Rajesh Gupta (born 2 November 1978) is an Indian politician and former member of the Sixth Legislative Assembly of Delhi (MLA). He was also the MLA for second time from the same constituency, Wazirpur. He has also been the Parliamentary Secretary of Health in the state. Mr. Gupta also served as vice president of Delhi, Karnataka state prabhari and national spokesperson of Aam Aadmi Party and represented Wazirpur (Assembly constituency) of Delhi from 2015 to 2025.

== Early life ==
Rajesh Gupta was born and brought up in Delhi by his father Damodar Prasad Gupta and mother Asha Gupta.

His father was a successful businessman who ran shoes mfg. units in Delhi and nanded, Maharashtra.
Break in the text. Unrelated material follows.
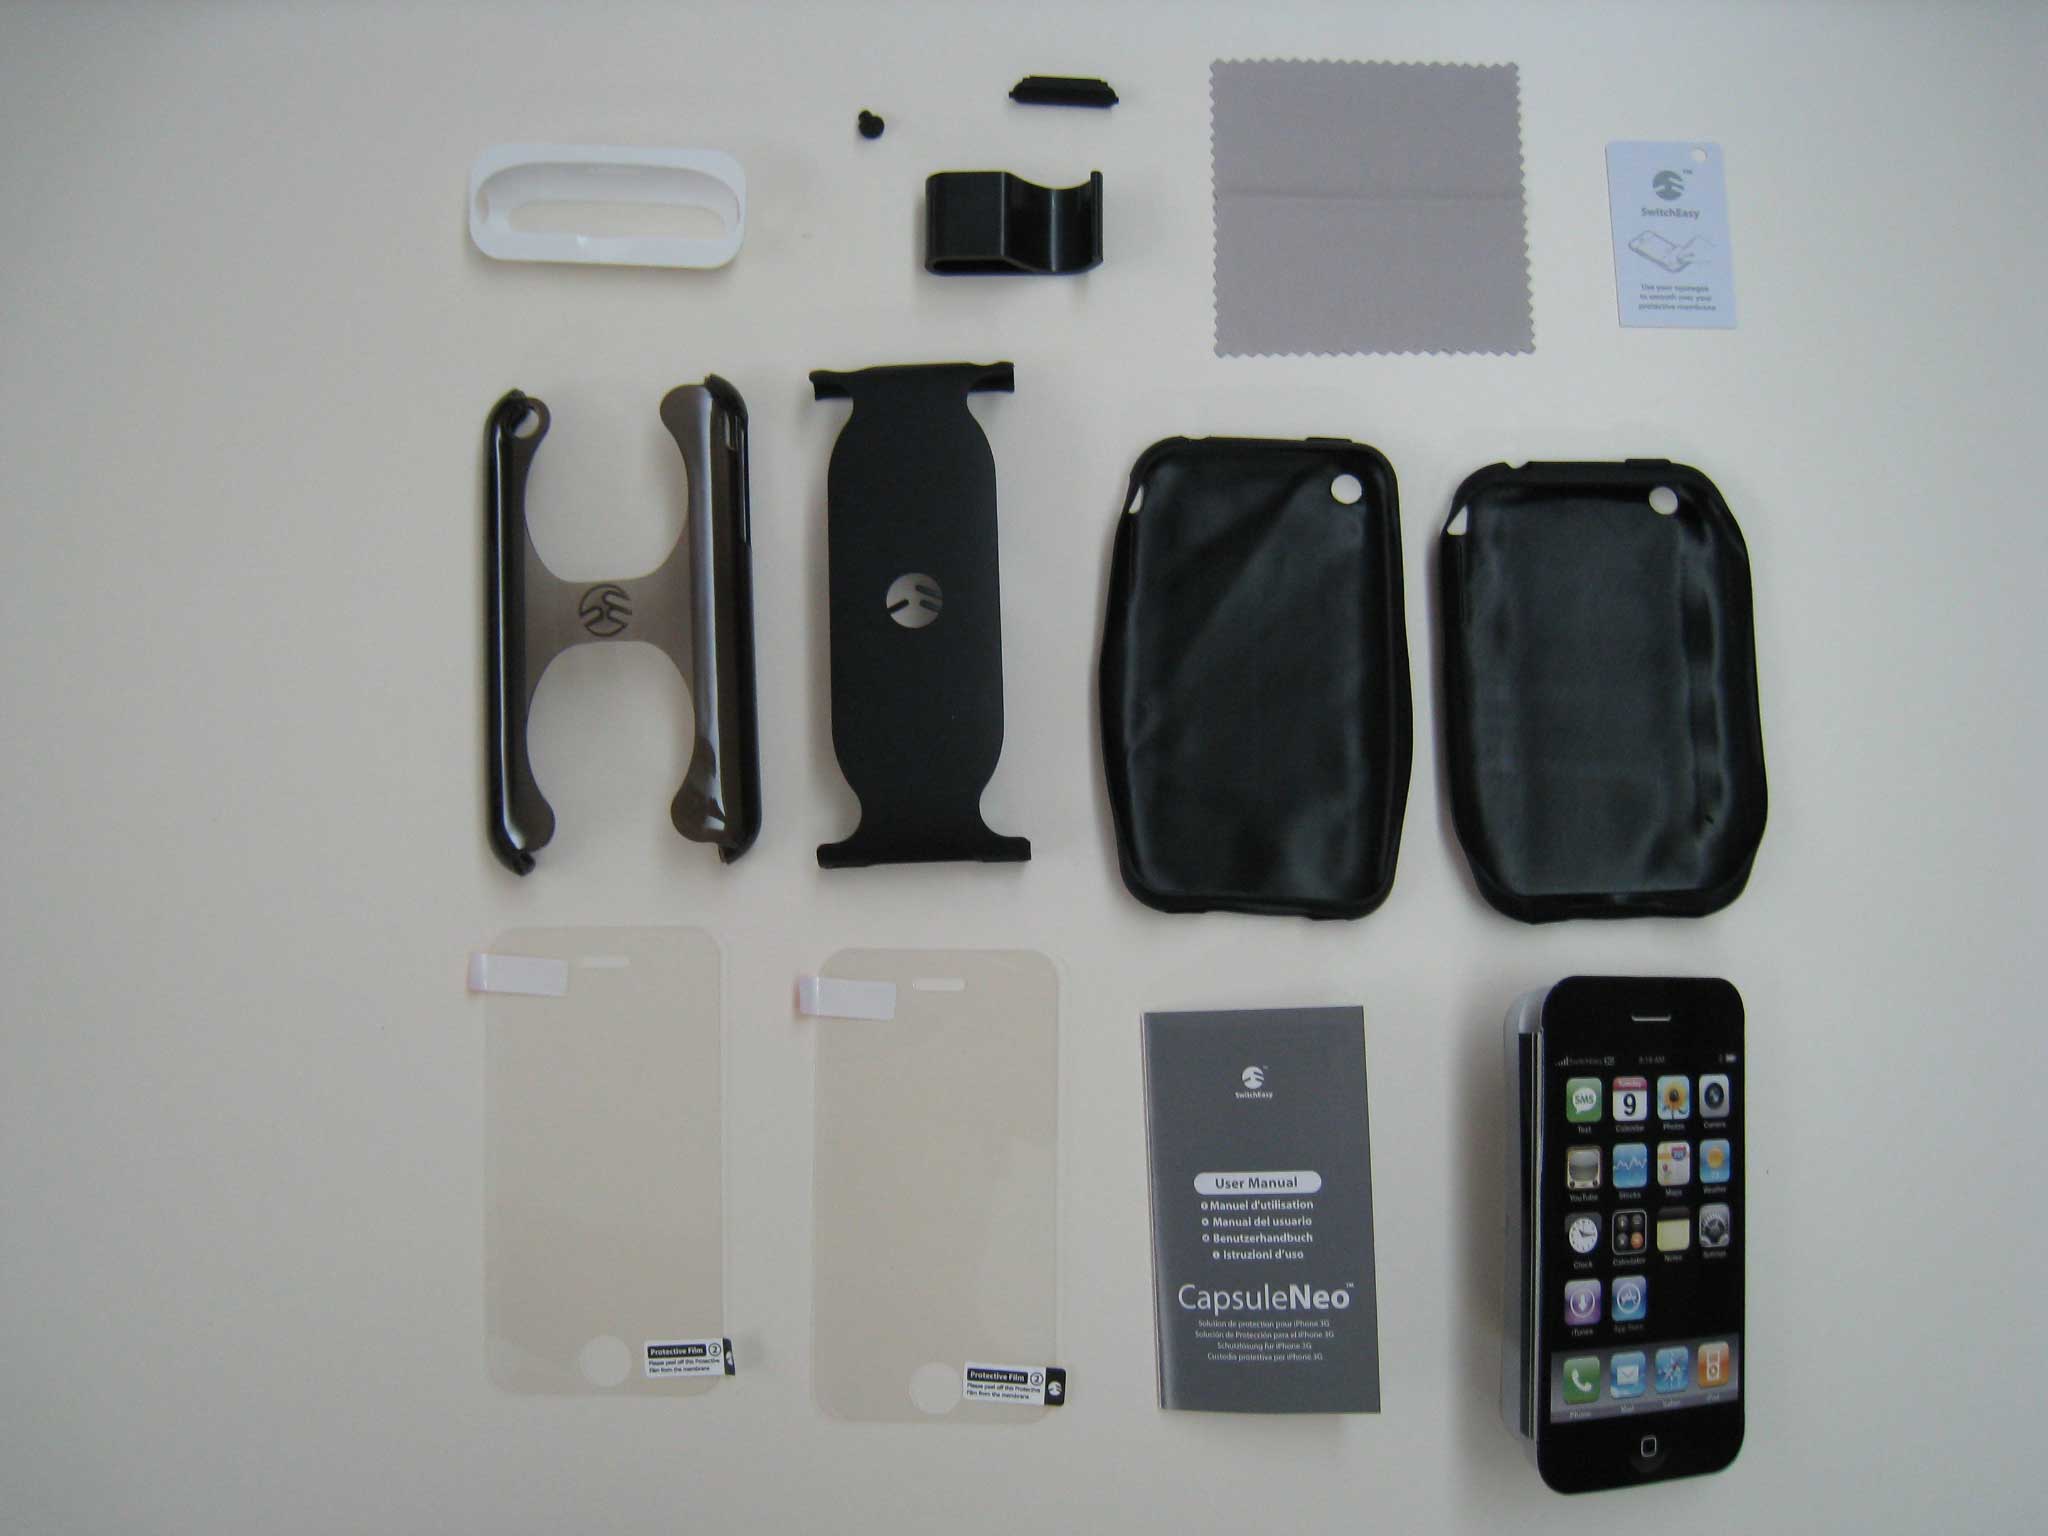 Viewing Image - contents.jpg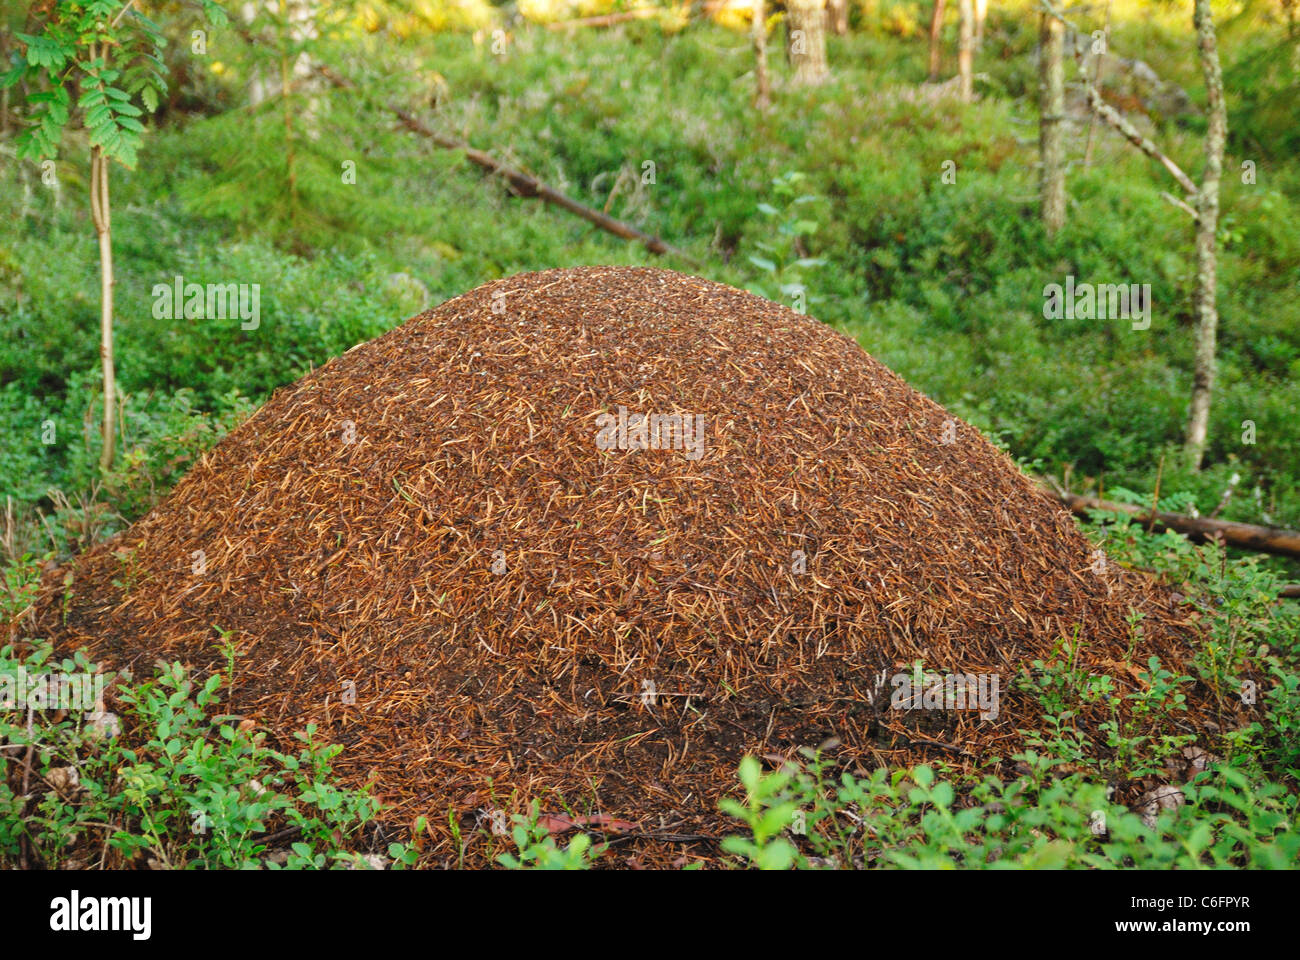 Enormous Wood Ant nest (Formica rufa) in a Swedish forest Stock Photo

He originally hailed from sohna, Gurugram, Haryana.

His mother was a housewife born in Agra (UP) and raised in Mumbai, Maharashtra.

Rajesh Gupta is a graduate in history, completed his sr. secondary from Tyagi Public School. As a teenager, he was into theatre arts and performed street plays, nukkad nataks and stage plays. He went to New York, USA to be enrolled in New York Film Academy however he came back during the anti-corruption movement and left his family shoe business and a potential career in theatrics against the wishes of his guru Arvind Gaur of a well-known Asmita theatre to join Anna andolan and later joined Aam Aadmi Party.

== Career ==
Gupta actively participated in Anti-Corruption Protest led by Anna Hazare in 2011. He also took part in the campaigning during the 2013 Assembly elections.

In first AAP government in Delhi, he worked with then minister Satinder Jain and earn his name as a dedicated and trustworthy support of Arvind Kejriwal which eventually ask his to contest state assembly election which he won and was elected as Wazirpur MLA in the 2015 Delhi Elections. He secured 61,208 votes and defeated former MLA Mahander Nagpal of BJP and won by a margin of 22,044 votes.

He was the chairman of prestigious Committee on Estimate and Committee on Petition repeated times and was member of several committees.

He was also the vice president of Aam Aadmi Party, Delhi and prabhari (in charge) of Karnataka state AAP and in charge of North West loksabha Delhi

Mr. Gupta is one of the most profound national spokespersons of Aam Aadmi Party, who appeared on tv debates regularly defending his party.

In 2024 general elections, he was the member of AAP-Congress coordination committee and was also in charge of New Delhi loksabha.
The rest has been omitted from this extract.